* [WORK INSTRUCTION]: Using the records below, give again exactly the lines from the line that contains "Universal carro de" through the line that contains "和風戦国ループロック音源の再生済みの波形", both ends included, and only those.

* [STORED DATA]:
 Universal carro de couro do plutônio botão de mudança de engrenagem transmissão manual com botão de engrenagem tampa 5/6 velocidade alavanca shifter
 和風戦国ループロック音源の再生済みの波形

* * *

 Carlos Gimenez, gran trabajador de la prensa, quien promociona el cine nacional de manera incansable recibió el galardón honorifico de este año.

* [SOLUTION TO THE EXERCISE]:
 Universal carro de couro do plutônio botão de mudança de engrenagem transmissão manual com botão de engrenagem tampa 5/6 velocidade alavanca shifter
 和風戦国ループロック音源の再生済みの波形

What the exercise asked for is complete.